Source information:
━━━━━━━━━━━━━━━━━━━━━━━━━━━━━━
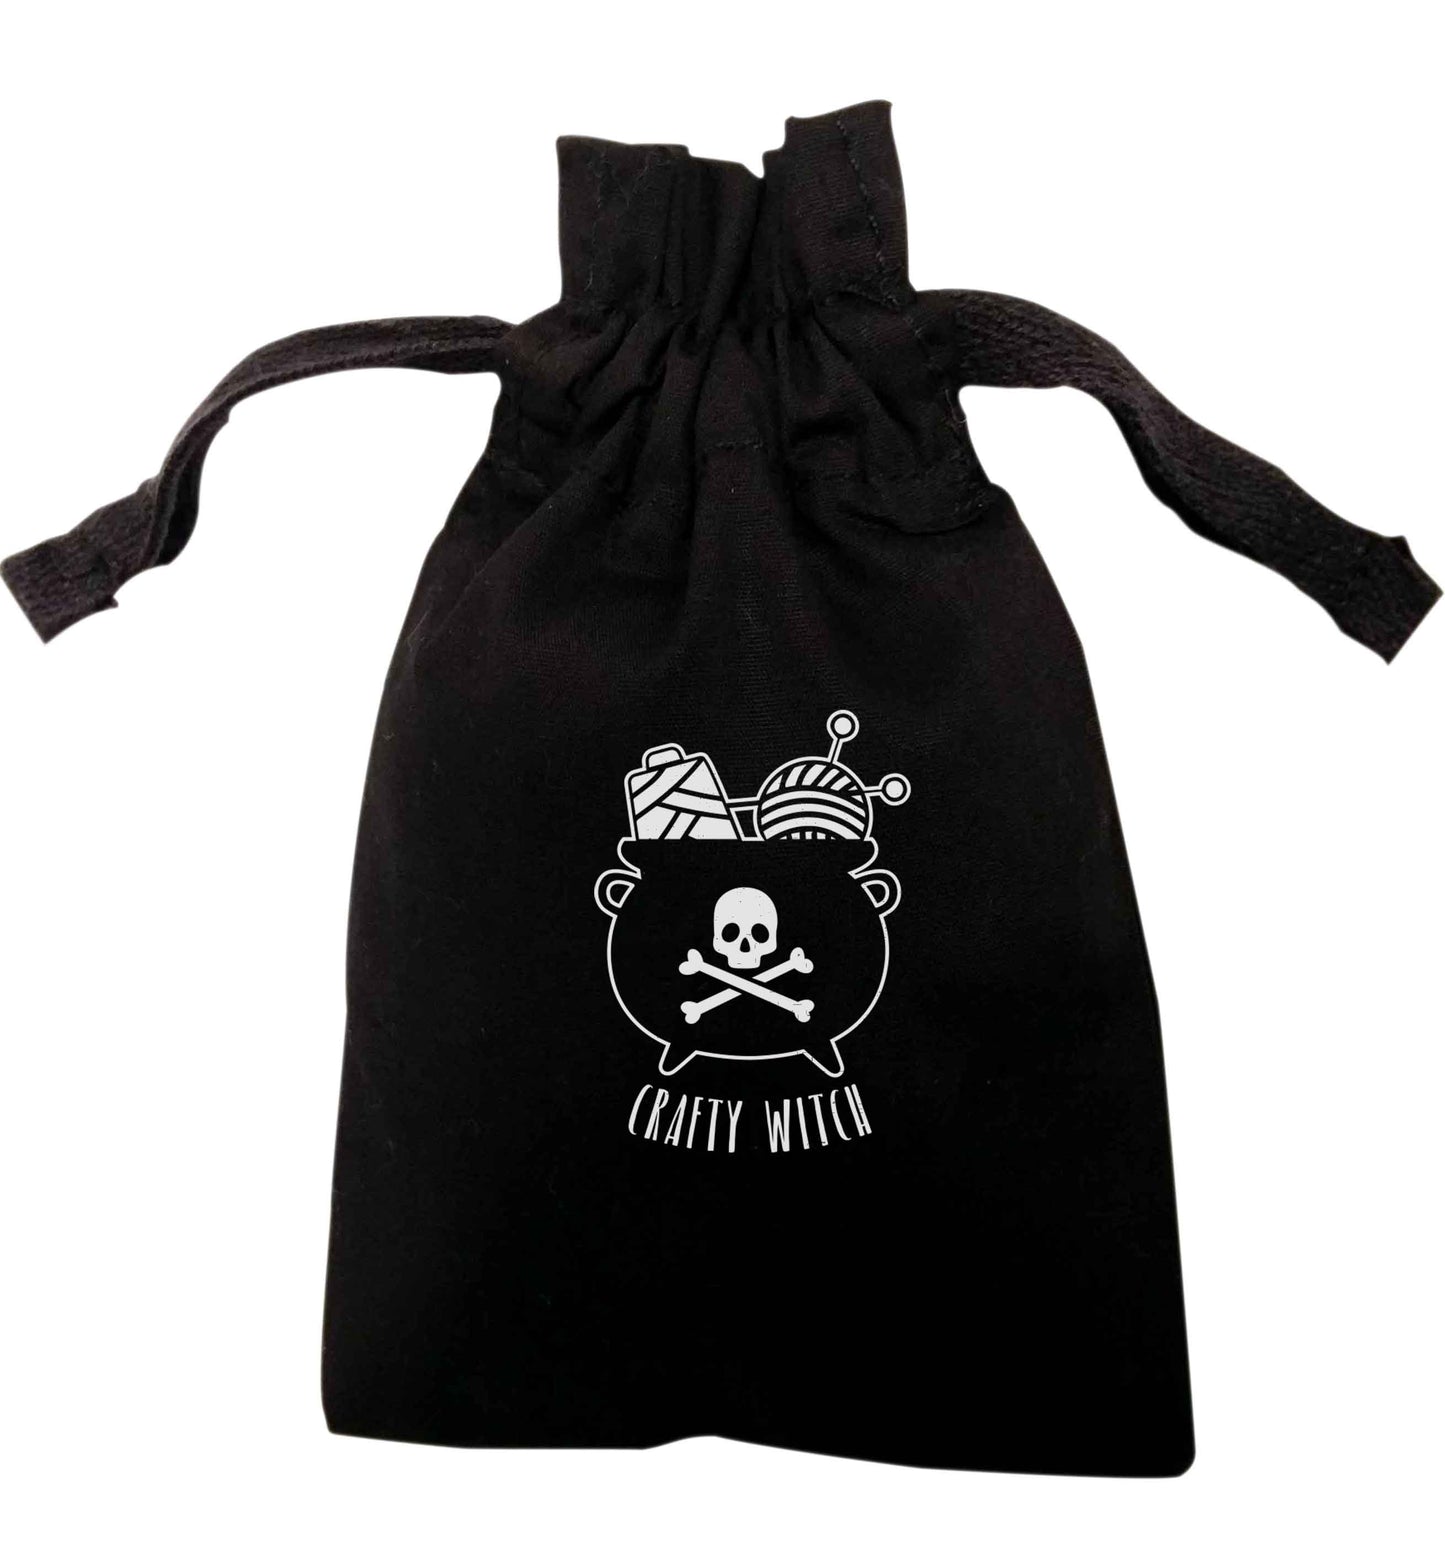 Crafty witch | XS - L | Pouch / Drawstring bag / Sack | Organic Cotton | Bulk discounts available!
━━━━━━━━━━━━━━━━━━━━━━━━━━━━━━
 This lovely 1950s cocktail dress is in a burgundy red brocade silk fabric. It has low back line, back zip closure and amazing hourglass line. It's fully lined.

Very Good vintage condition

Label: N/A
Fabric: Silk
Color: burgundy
━━━━━━━━━━━━━━━━━━━━━━━━━━━━━━
Your instructions:
Would you please repeat exactly the lines above, starting at the line with "Very Good vintage condition" and stopping at the line with "Color: burgundy", both included?

Answer to this problem:
Very Good vintage condition

Label: N/A
Fabric: Silk
Color: burgundy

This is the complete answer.